Une artiste en quête de liberté de pensée, de spontanéité et de force graphiques, en questionnement sur l’humanité, dans une démarche créative pleine de promesses, à suivre absolument.

Et, voici, sous la plume du journaliste, ce que j’ai pu lire dans mon journal : « Dans le cadre de ces journées du patrimoine tournées sur le thème de l’éducation, des visites guidées et ateliers de gravure se sont déroulées ce week-end aux Tanneries.

Séance de travail – encrage (Cl. Jeanne-Pelloquin)

Dimanche avait lieu également au centre d’art contemporain la restitution de résidence de Tereza Lochmann, artiste plasticienne spécialisée dans la gravure sur bois, en présence du maire Gérard Dupaty, Fabrice Morio, directeur régional des affaires culturelles, et François Bonneau, président de la région.
60 à70 enfants et adultes de l’école d’arts d’Amilly ont été accueillis du 10 au 20 septembre par l’artiste, aidée de David et Vincent, professeurs plasticiens. La presse de Georges Thouvenot* acquise par la ville a été utilisée, tel un trait d’union entre deux époques, et aux côtés des gravures à la gomme et à l’encre à l’eau réalisées, une œuvre collective représentant un arbre de vie en a émané. »

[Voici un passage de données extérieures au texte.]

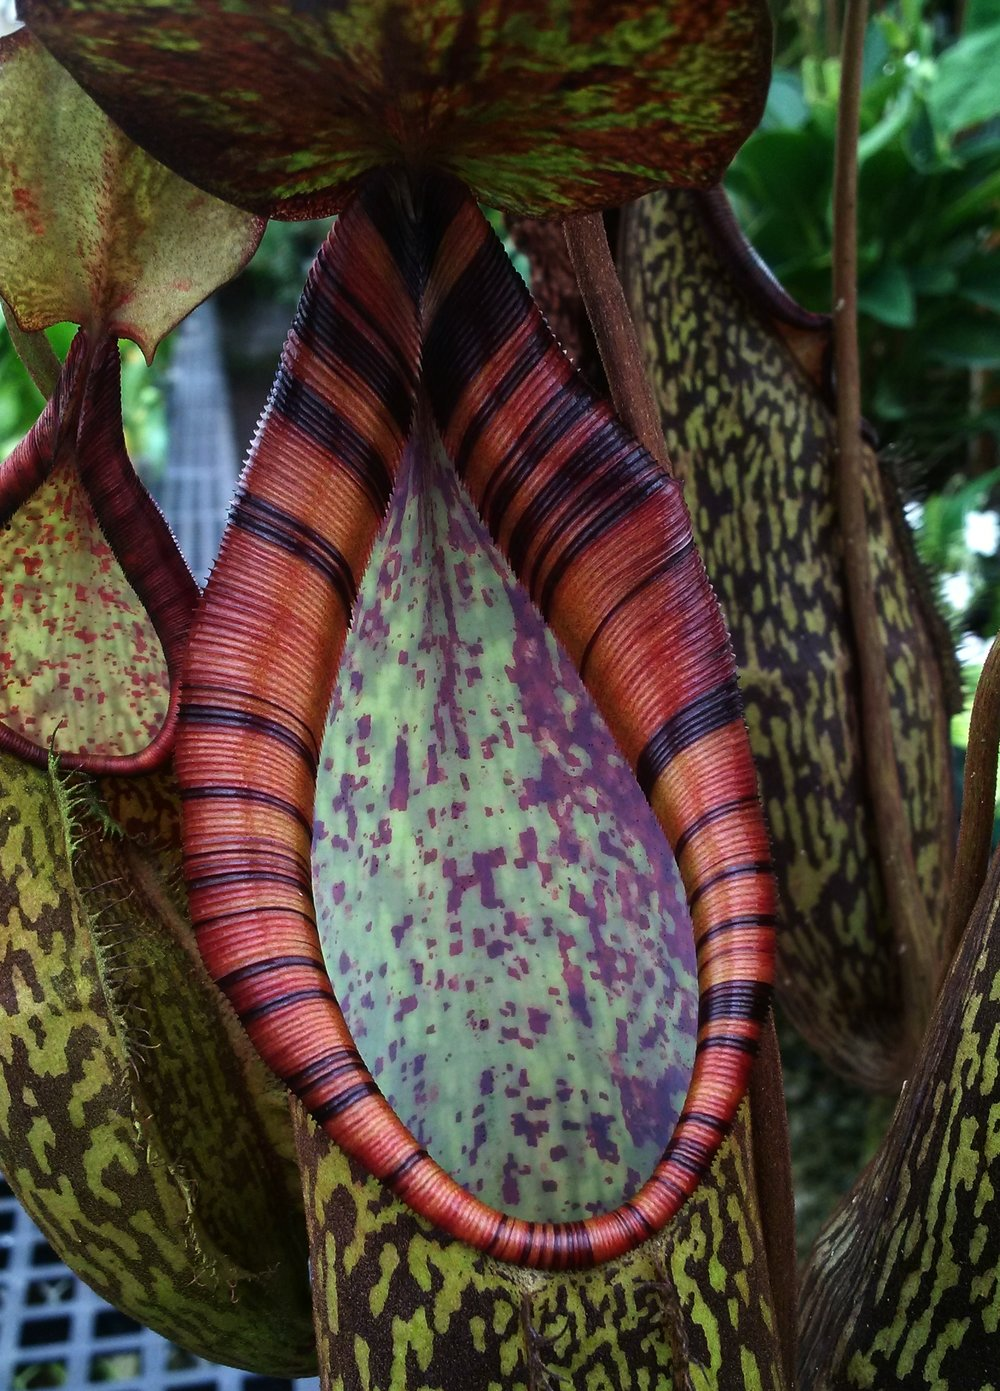 Peristome detail of the endangered natural hybrid Sumatran pitcher plant,  Nepenthes rigidifolia x spectabilis

Arbre de Vie (Cl. Jeanne-Pelloquin)

« Les Tanneries sont un nom qui circule chez les jeunes artistes à Paris. Le confinement a rendu les élèves plus heureux de découvrir et de s’essayer à des techniques de gravure », a confié l’artiste, qui vit dans la capitale.
Éric Degoutte, le directeur du Centre d’art amillois, donne à présent rendez-vous au public le 10 octobre, pour le lancement de la 5e saison artistique. Elle sera présentée ultérieurement. »

* Nota : Rappelons que Georges Thouvenot (1909-2008) est un artiste graveur, dessinateur et peintre qui, après des études à l’École Estienne en 1924, puis à partir de 1927 aux Beaux-Arts de Paris, obtint en 1934 le 2e Prix de Rome de gravure, avec une œuvre intitulée : « Le Remords d’Oreste« , dont il fut dit que l’originalité de la composition et l’esprit romantique firent l’unanimité de la critique. Il quitta Paris pour être professeur d’arts plastiques à Montluçon, dans l’Allier, avant de se fixer en 1943 dans le Loiret, à Montargis, où il enseigna son art. Il fit don de ses gravures à la Bibliothèque municipale de la ville.